The line’s spark of metafictional awareness implies something of the extent of Freedom’s ambitions and limitations. It is a novel that displays Franzen’s strengths as a novelist, notably the comprehensiveness and humane generosity with which he realises his characters, alongside his weaknesses, which are evident in the fact that Freedom is a complex novel that ultimately rests on some large simplicities. Franzen is an ingenuous but knowing writer, and if his characters are, at bottom, recognisable types, it is in part because he is suggesting that we are all typical in certain ways, whether we like it or not, and often for reasons that are not really under our control. Yet a raised eyebrow is warranted when the six most prominent characters in a novel divide neatly into three egotistical men and three needy women.

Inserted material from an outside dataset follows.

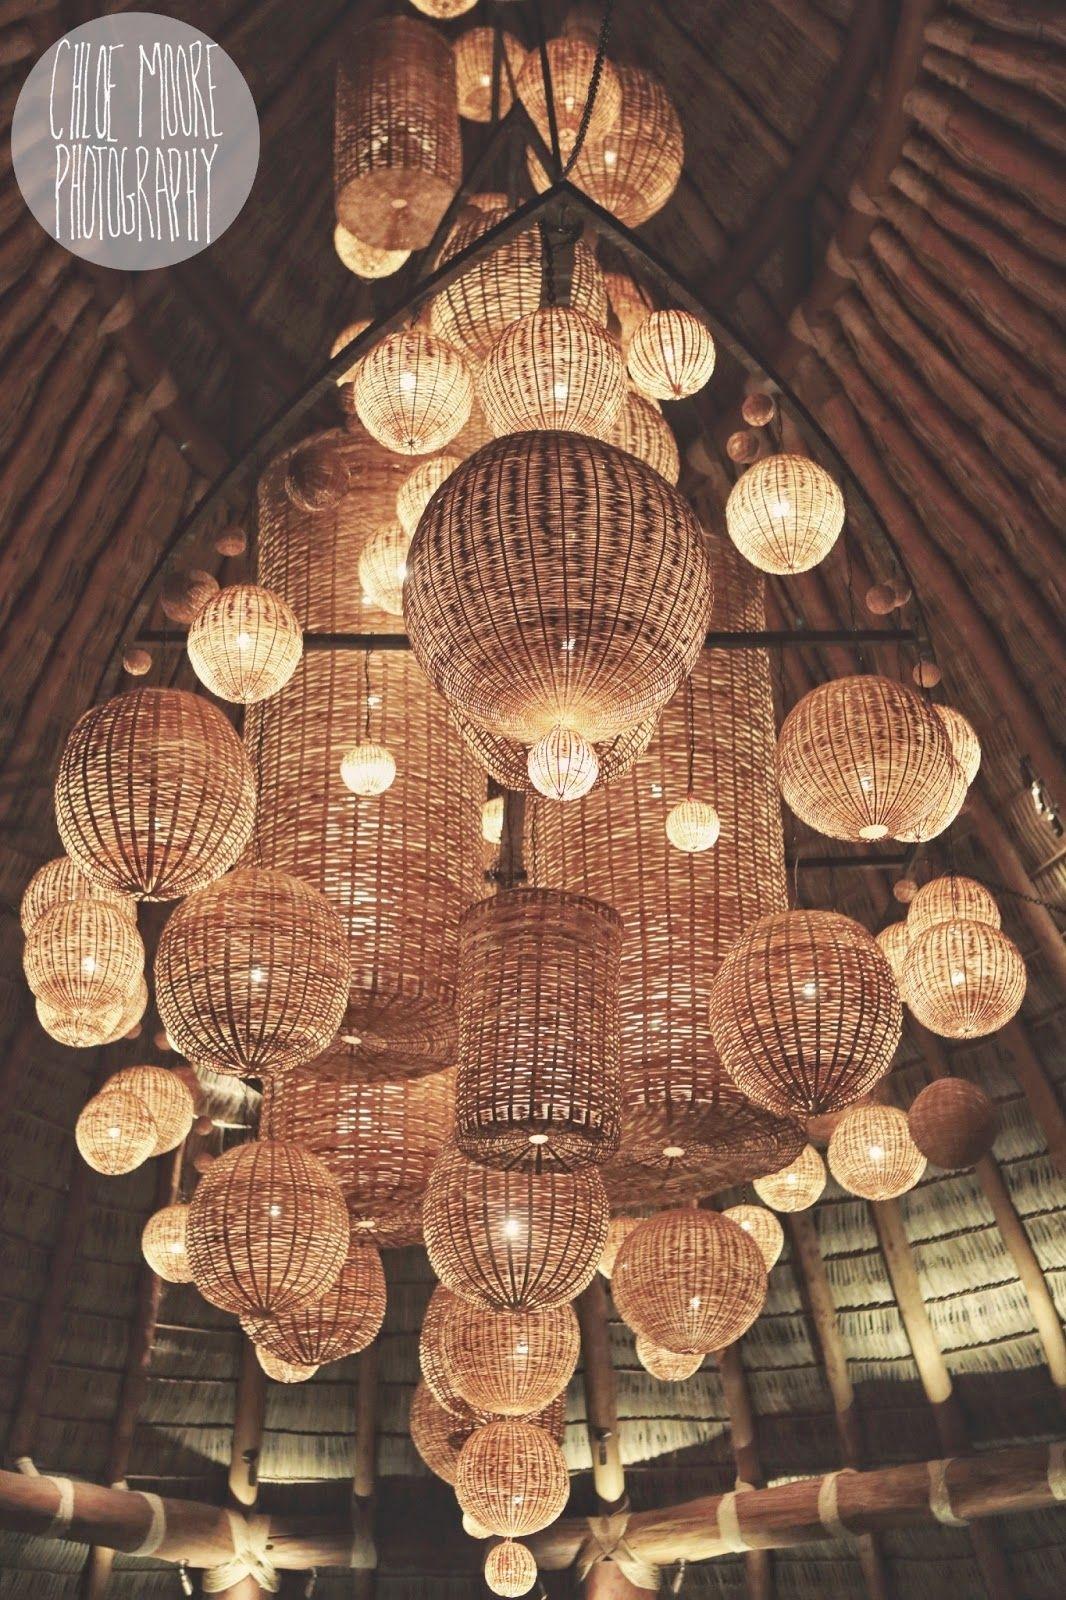 Awesome Wicker Basket Lighting Mukul Resort, Nicaragua (View 6 of 15)

A number of early responses to Freedom picked up on the fact that Patty Berglund spends part of the novel reading War and Peace. This has been interpreted as a declaration of Franzen’s literary intent, seemingly on the grounds that Freedom is a work of realist fiction that is rather long. But Franzen is not that gauche, even if he does put his foot in his mouth occasionally. And there are other notable literary allusions to be found in its pages. The first time we glimpse Richard Katz, he is relaxing with a copy of Thomas Pynchon’s V.. When Joey attends college, he is made to read Plato, anticipating a scene in which his room-mate’s Republican father delivers a postprandial lecture about the invasion of Iraq that evokes the anti-democratic philosopher to justify the lies that were told in support of the war. In each case, reading matter is presented as a reflection of personality. Just as Pynchon is a sign of Richard’s hipster credentials, Patty’s excursion into Tolstoy is a flight from her unhappy reality, an expression of her desire to lose herself in a comprehensive fictional world. To the extent that it does bear upon Franzen’s intentions, the allusion is perhaps better understood as a modest acknowledgment of the ability of great literature to remain relevant on a personal, if not a cultural, level.

It is one of several instances in which some of Franzen’s anxieties would seem to be ironically diffracted through the novel as a form of understated self-mockery. In the middle of Freedom, Richard grants an interview to an eager young fan in which he sarcastically denounces the commercialism of the music industry and claims to have embraced Republicanism and consumer culture. It does his career no harm whatsoever; indeed, the ease with which the supposedly rebellious and bohemian Richard becomes reconciled to his success is another of the novel’s ironies. But when, late in the book, Walter is driven by his personal and professional frustrations to denounce the rapacity and environmental destruction that is seemingly built into the capitalist system, he is instantly marginalised as a crank. Freedom’s pessimistic politics thus gravitate toward a kind of quietism, with the suggestion that ironic resistance is ultimately a form of complicity, but sincere denunciation is futile; while, as a work of fiction, it remains content to leave the tension between its own artistic aspirations and its populism scrupulously unresolved.